311.0StGBFederal ActJan 1, 1942Original source
  1. Strafbar ist auch der Täter, der im Ausland eine Tat nach dem zwölften Titelbis, dem zwölften Titelteroder nach Artikel 264k begangen hat, wenn er sich in der Schweiz befindet und nicht an einen andern Staat ausgeliefert oder an ein internationales Strafgericht, dessen Zuständigkeit die Schweiz anerkennt, überstellt wird.
  2. Wurde die Auslandtat nicht gegen einen Schweizer begangen und ist der Täter nicht Schweizer, so kann, unter Vorbehalt von Massnahmen zur Sicherung von Beweisen, die Strafverfolgung eingestellt oder von einer solchen abgesehen werden, wenn:
    1. eine ausländische Behörde oder ein internationales Strafgericht, dessen Zuständigkeit die Schweiz anerkennt, die Straftat verfolgt und der Täter ausgeliefert oder überstellt wird; oder
    2. der Täter sich nicht mehr in der Schweiz befindet und seine Rückkehr nicht zu erwarten ist.
  3. Artikel 7 Absätze 4 und 5 ist anwendbar, es sei denn, der Freispruch, der Erlass oder die Verjährung der Strafe im Ausland hatte das Ziel, den Täter in ungerechtfertigter Weise vor Strafe zu verschonen.

1 commentary

N1.Kinderrekrutierung unter 15 Jahren im Ausland

Die Rekrutierung von Kindern unter 15 Jahren wird in der Schweiz strafrechtlich verfolgt und gilt auch bei Auslandstaten als strafbare Handlung.

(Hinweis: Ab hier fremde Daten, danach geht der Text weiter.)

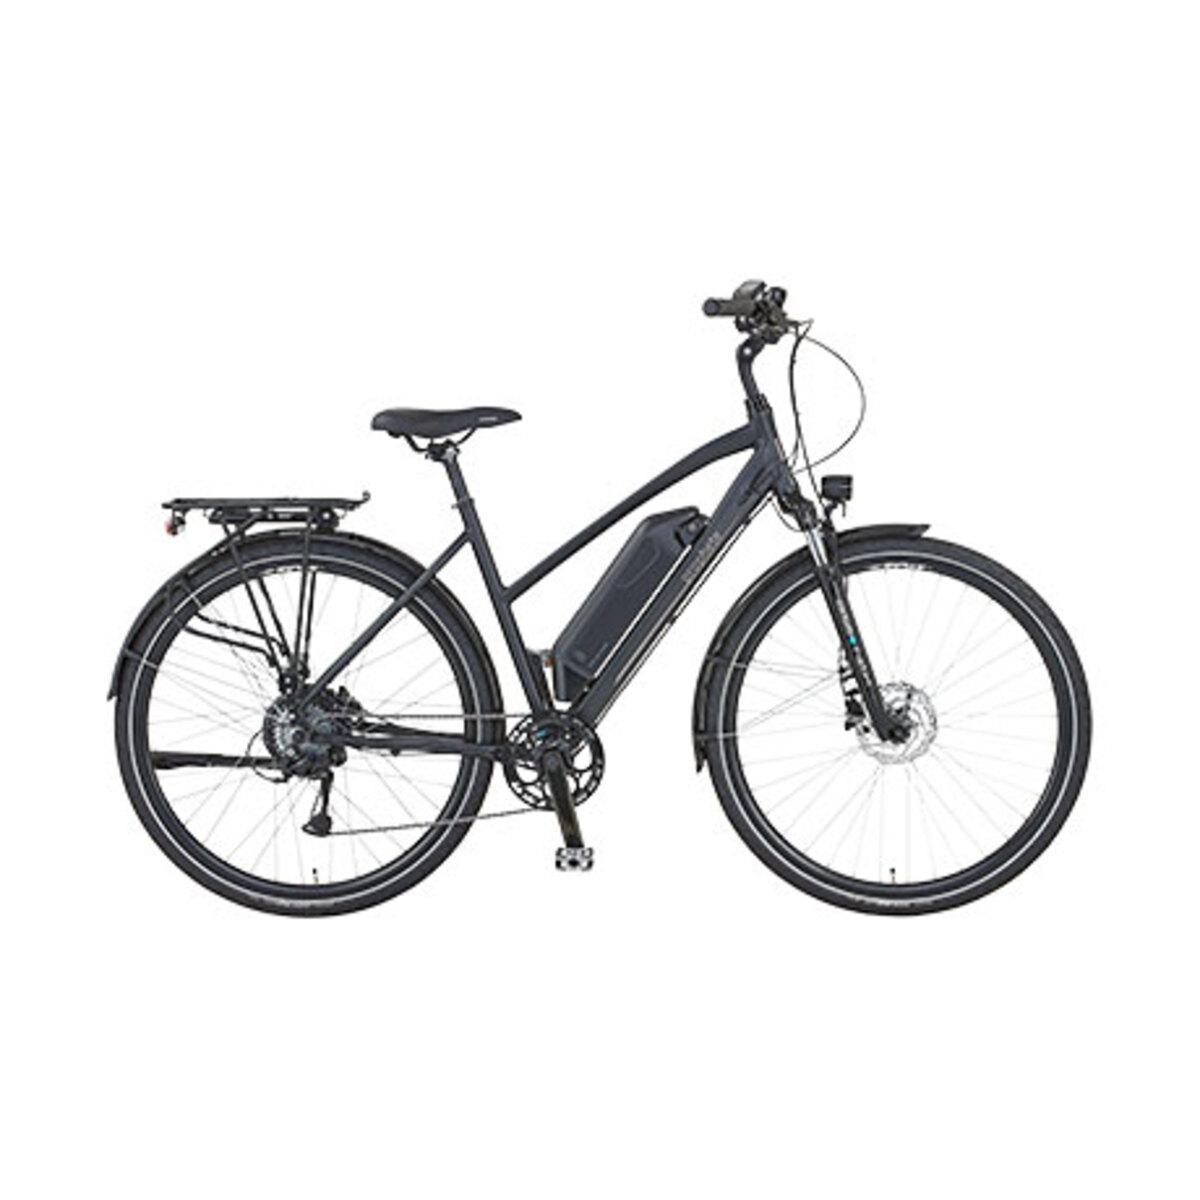 Bild 2 von Trekking-E-Bike Damen1

Bezüglich der im vorliegenden Fall strittigen Frage, ob eine Zwangsrekrutierung von minderjährigen Personen flüchtlingsrechtliche Relevanz hat, ist zunächst darauf hinzuweisen, dass die Zwangsrekrutierung von minderjährigen Personen im humanitären Völkerrecht grundsätzlich verboten ist. Die Rekrutierung von Kindern unter 15 Jahren stellt ein Kriegsverbrechen dar und wird im Rahmen des Universalitätsprinzips auch in der Schweiz strafrechtlich verfolgt, selbst wenn die Tat im Ausland begangen wurde (vgl. Art. 2 Fakultativprotokoll zur KRK; Art. 8 Abs. 2 Bst. e vii Römer Statut des Internationalen Strafgerichtshofs vom 17. Juli 1998, SR 0.312.1; Art. 264f i.V.m. Art. 264m StGB). Dabei wird sowohl die Eingliederung in (staatliche) Streitkräfte wie auch in eine (nicht-staatliche) bewaffnete Gruppe bestraft (vgl. etwa Keshelava/Zehnder, in: Basler Kommentar Strafgesetzbuch, 4. Aufl. 2019, Art. 264f StGB N. 8 f. S. 4789). Die Schweiz hat auch die weitergehenden Konventionen ratifiziert, welche jede Rekrutierung von Kindern unter 18 Jahren durch nichtstaatliche Gruppierungen verpönen und die Vertragsstaaten verpflichten, alle Massnahmen zu ergreifen, um dieses Verbot durchzusetzen (Fakultativprotokoll zur Kinderrechtskonvention [SR 0.107.1] sowie Konvention der International Labour Organisation [ILO] Nr. 182 über die schlimmsten Formen der Kinderarbeit [SR 0.822.728.2]). Die Rekrutierung von Kindern unter 18 Jahren in eine staatliche Armee oder nichtstaatliche bewaffnete Gruppe kann nach der Rechtsprechung des Bundesverwaltungsgerichts eine asylrelevante Verfolgung darstellen (vgl. dazu Urteile des BVGer E-1144/2018 vom 29. Juni 2020 E. 7.3.1 und E-5072/2018 vom 17.